次の変異を含むヒトｔ−PA変異体からなる群により選択される請求項１に記載の変異体:T103N,N117Z;S105N,A107S,N117Z;T103N,N117Z,K296A,H297A,R298A,R299A;S105N,A107S,N117Z,K296A,H297A,R298A,R299A;T103N,N117Z,R298E,R299E;S105N,A107S,N117Z,R298E,R299E;T103N,N117Z,K296Q,H297N,P301S;S105N,A107S,N117Z,R296Q,H297N,P301S;T103N,N117Z,F274L,R275H,I276S,K277T;S105,A107S,N117Z,F274L,R275H,276S,K277T。

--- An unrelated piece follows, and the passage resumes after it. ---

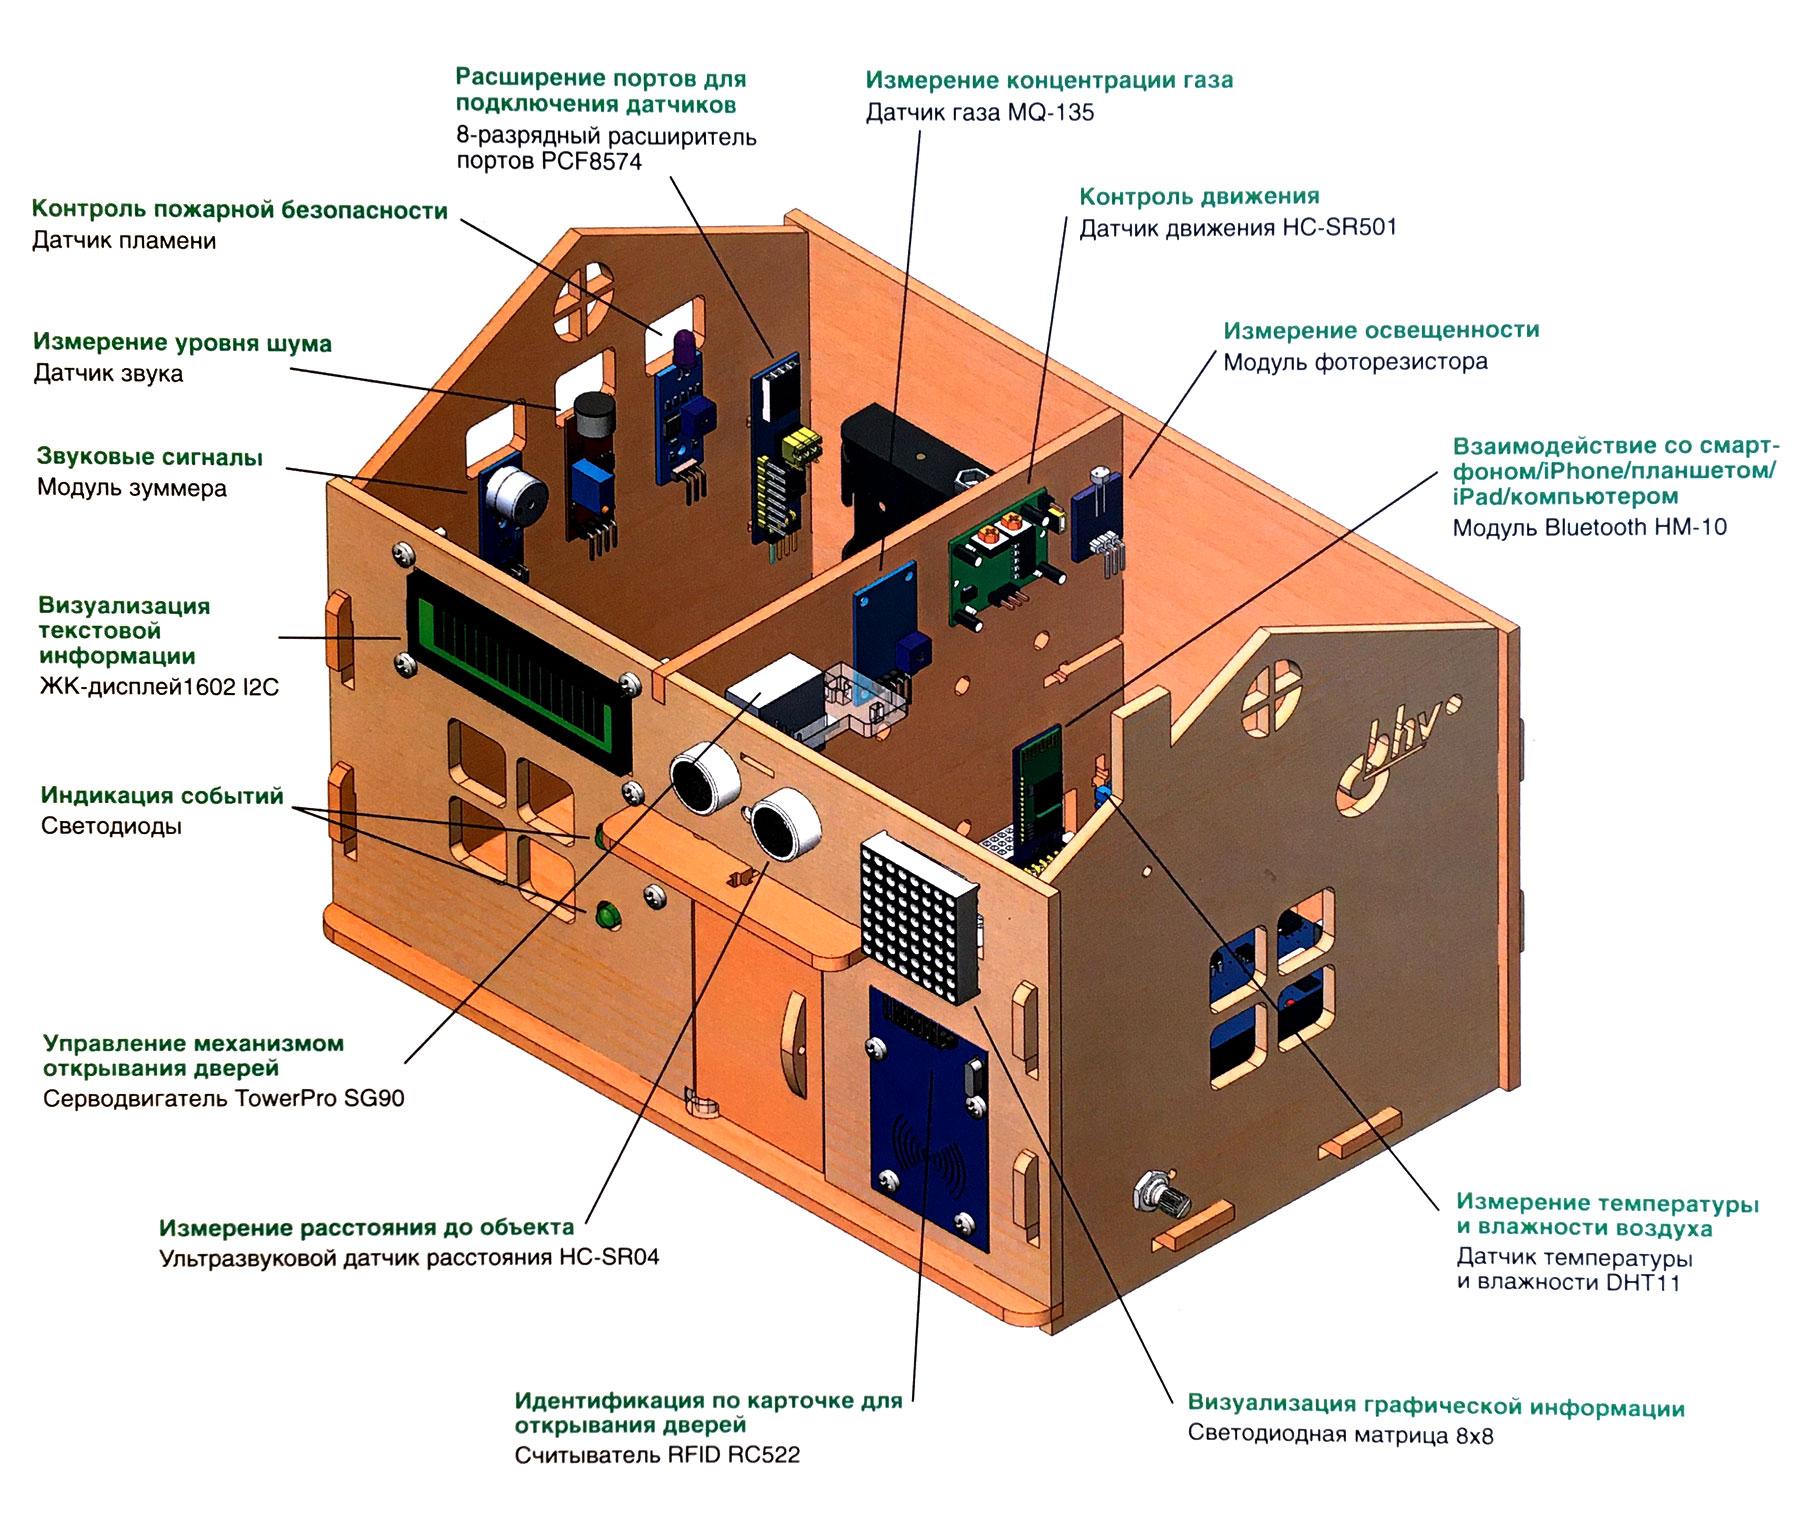 nabor-po-elektronike-umnyi-dom-na-baze-arduino-foto-tdx-978-5-9775-6608-7-05.jpg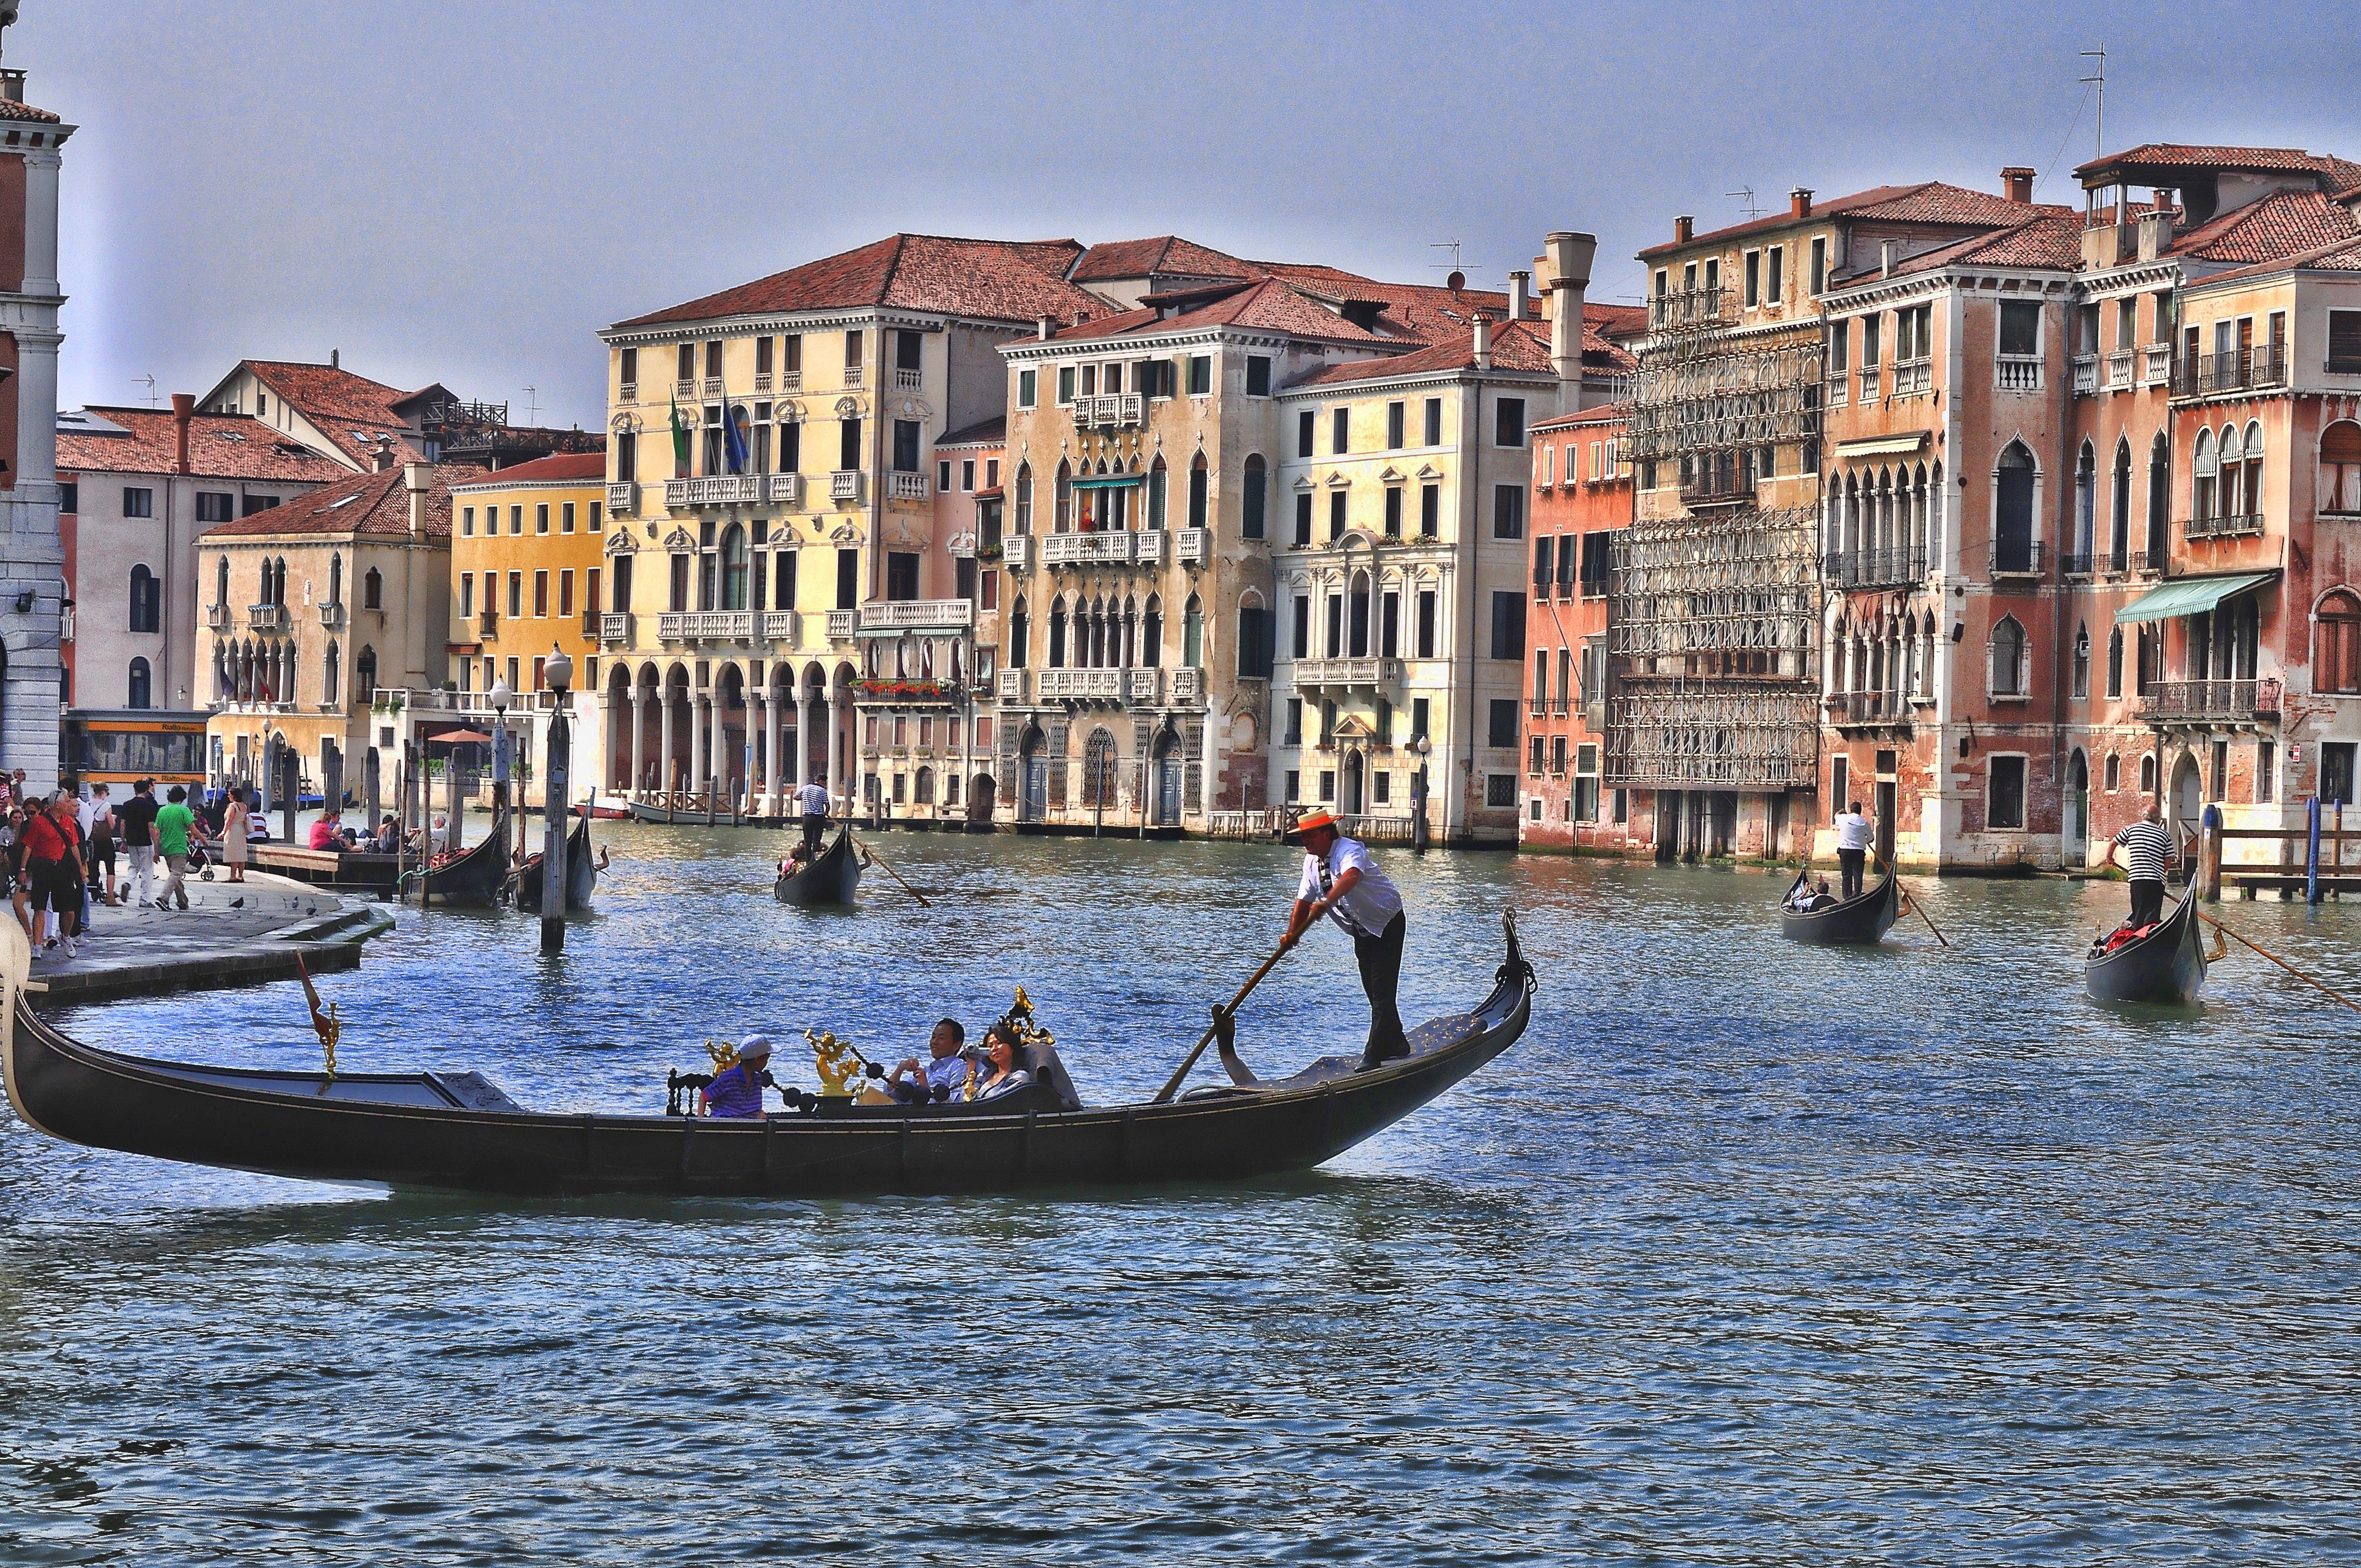 Filehotel ca sagredo grand canal rialto venice italy venezia creative

（ここに、Ｚはアスパラギン（Ｎ）以外のどのアミノ酸でもよい）。
請求項１に記載の変異体をコードするDNA。
請求項28に記載のDNA配列を含み、適当な宿主細胞にてそれを発現できる複製可能な発現ベクター。
請求項29に記載のベクターによって形質転換されている宿主細胞。
請求項30に記載の宿主細胞を培養することを特徴とする、ｔ−PA変異体をコードするDNAを発現するための方法。
宿主細胞の培養から変異体を回収する工程をさらに含む請求項31に記載の方法。
製薬的に許容し得る担体と混合した治療的有効量の請求項１に記載の変異体を含有する血管の病気や疾患のための組成物。
製薬的に許容し得る担体と混合した治療的有効量の請求項１に記載の変異体を含有するフィブリン沈着または癒着形成や再形成を予防するための組成物。
117番目の位置のアミノ酸における機能的な炭水化物構造を除去することを特徴とする、103番目又は105番目のアミノ酸のグリコシル化の結果として減少した野生型ヒトｔ−PAのフィブリン結合親和性を実施的に回復させる方法。